I’m a bit of a tab hoarder. Firefox, thankfully, is pretty good about not using excessive resources for infrequently-accessed tabs, but when my Tab Counter extension told me I’d topped 300 tabs, I figured it was time to start a more serious diet plan. And what’s a diet without a scale? Here’s a script that I use to keep track of how many tabs I have open at a time, so I can measure my progress in the fight against my hoarding instincts.1
Firefox2 saves a sessionstore
file that contains information about
your windows and tabs. Unfortunately, that seems to be only saved when the
browser is closed. However, Firefox also saves3 a
$FIREFOX_PROFILE/sessionstore-backups/recovery.jsonlz4
with current data. This
is the file I used. file
tells us that .jsonlz4
is “Mozilla lz4
compressed data” – apparently they’re using a vaguely custom compression scheme
to store this data. I didn’t have any luck stripping the header and
decompressing it with the standalone lz4
tool, but Python proved workable.
Once I have the data, parsing it is fairly straightforward. I wound up running
the script once a day on a cronjob, frequently enough to give me that little
extra prod to close my tabs, and one day in…I’ve closed almost 30!
#!/usr/bin/env python
import lz4.block as lz4
import json
from datetime import date, timedelta
import urllib.parse
import shutil
RECOVERY_FILE="/home/chandler/.mozilla/firefox/cu3gxbtx.default-release/sessionstore-backups/recovery.jsonlz4"

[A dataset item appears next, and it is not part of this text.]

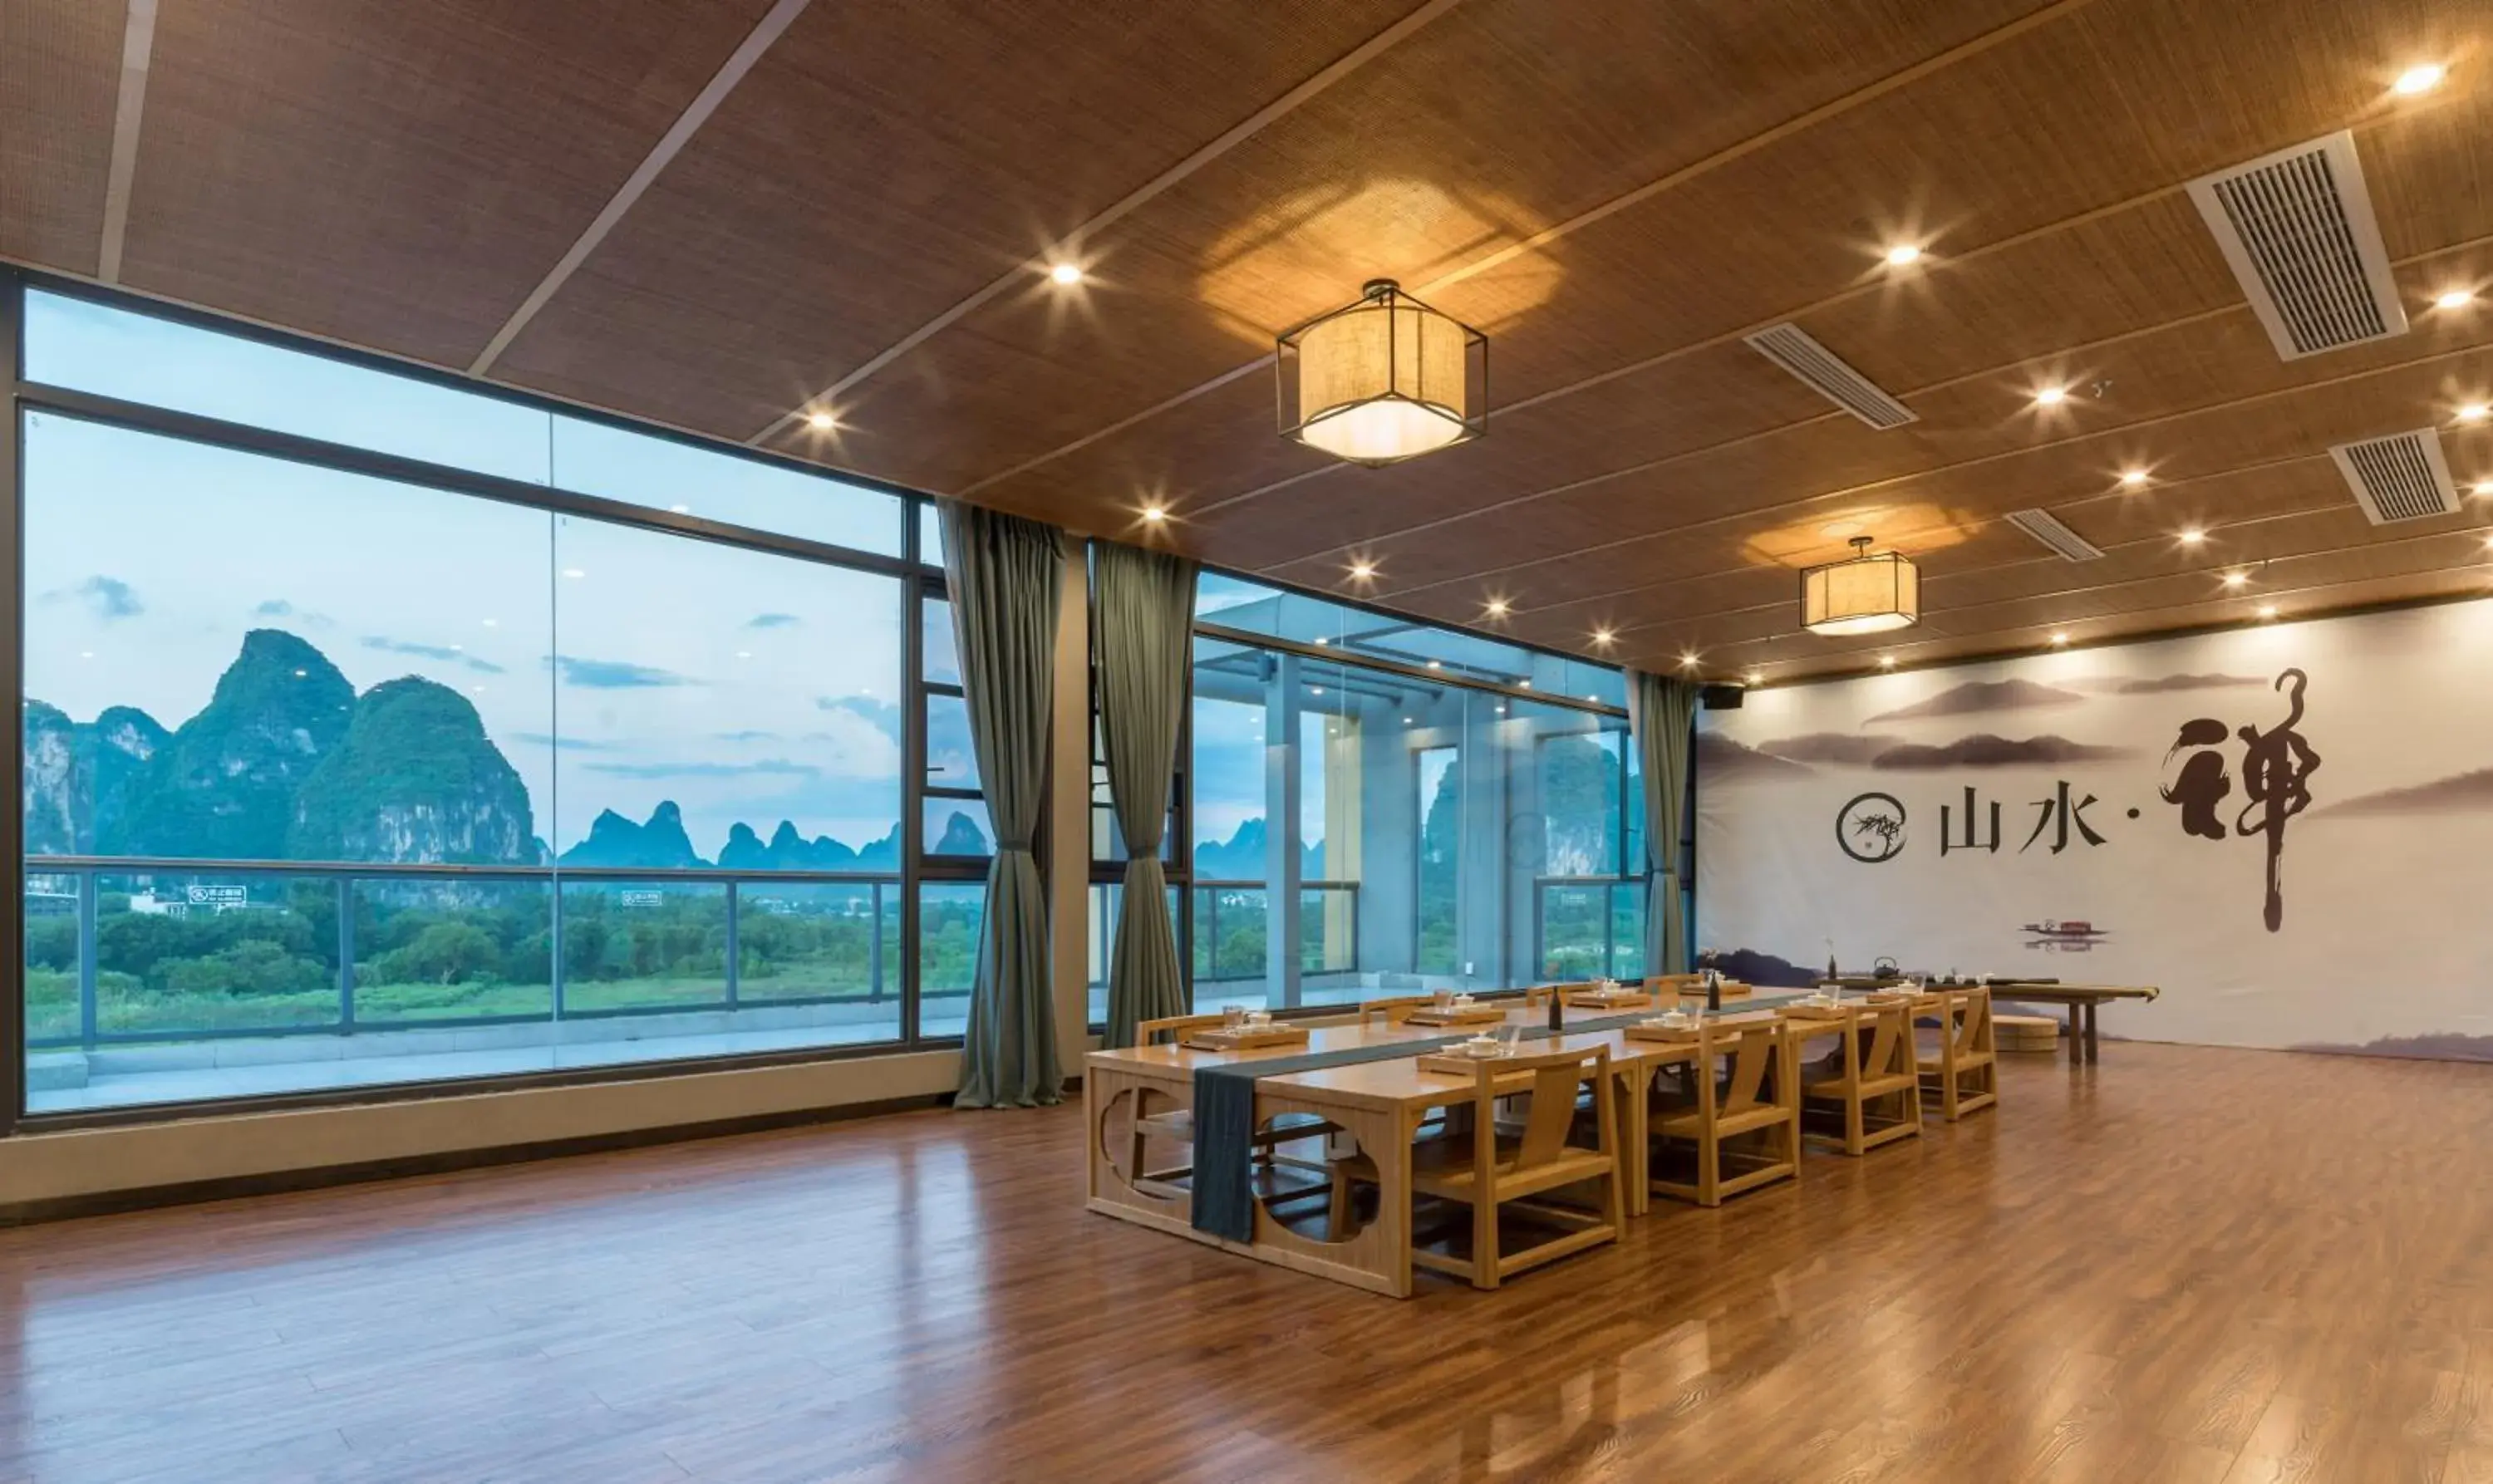 Banquet/Function facilities in Yangshuo Zen Garden Resort

today=date.today().isoformat()
# Take a snapshot of today's file
shutil.copy(RECOVERY_FILE, f"recovery-{today}.jsonlz4")
with open(f"recovery-{today}.jsonlz4", 'rb') as f:
assert f.read(8) == b'mozLz40\0'
today_data=json.loads(lz4.decompress(f.read()))
yesterday=(date.today() - timedelta(days=1)).isoformat()
with open(f"recovery-{yesterday}.jsonlz4", 'rb') as f:
assert f.read(8) == b'mozLz40\0'
yesterday_data=json.loads(lz4.decompress(f.read()))
def count_total_tabs(data):
return sum([len(window['tabs']) for window in data['windows']])
# This is a unique tab identifier. However, it's not consistent, it seems to
# change when a tab is unloaded and reloaded (suspended?)
IDENTIFIER="docshellUUID"
def find_matching_tab(needle, haystack, remove_from_haystack=False):
# If they have the same docshellUUID, they're definitely the same
for tab in haystack:
if tab['entries'][-1][IDENTIFIER] == needle['entries'][-1][IDENTIFIER]:
if remove_from_haystack:
haystack.remove(tab)
return tab
# If they have the same URL they're probably the same
for tab in haystack:
if tab['entries'][-1]['url'] == needle['entries'][-1]['url']:
if remove_from_haystack:
haystack.remove(tab)
return tab
# TODO: if they share history, they may be the same
def find_matching_window(needle, haystack, remove_from_haystack=False):
leading_contender = None
leading_contender_matches = 0
leading_contender_percent = 0
for potential_match in haystack:
matches = 0
for tab in needle['tabs']:
if find_matching_tab(tab, potential_match['tabs']) is not None:
matches += 1
match_percent = matches / len(needle['tabs'])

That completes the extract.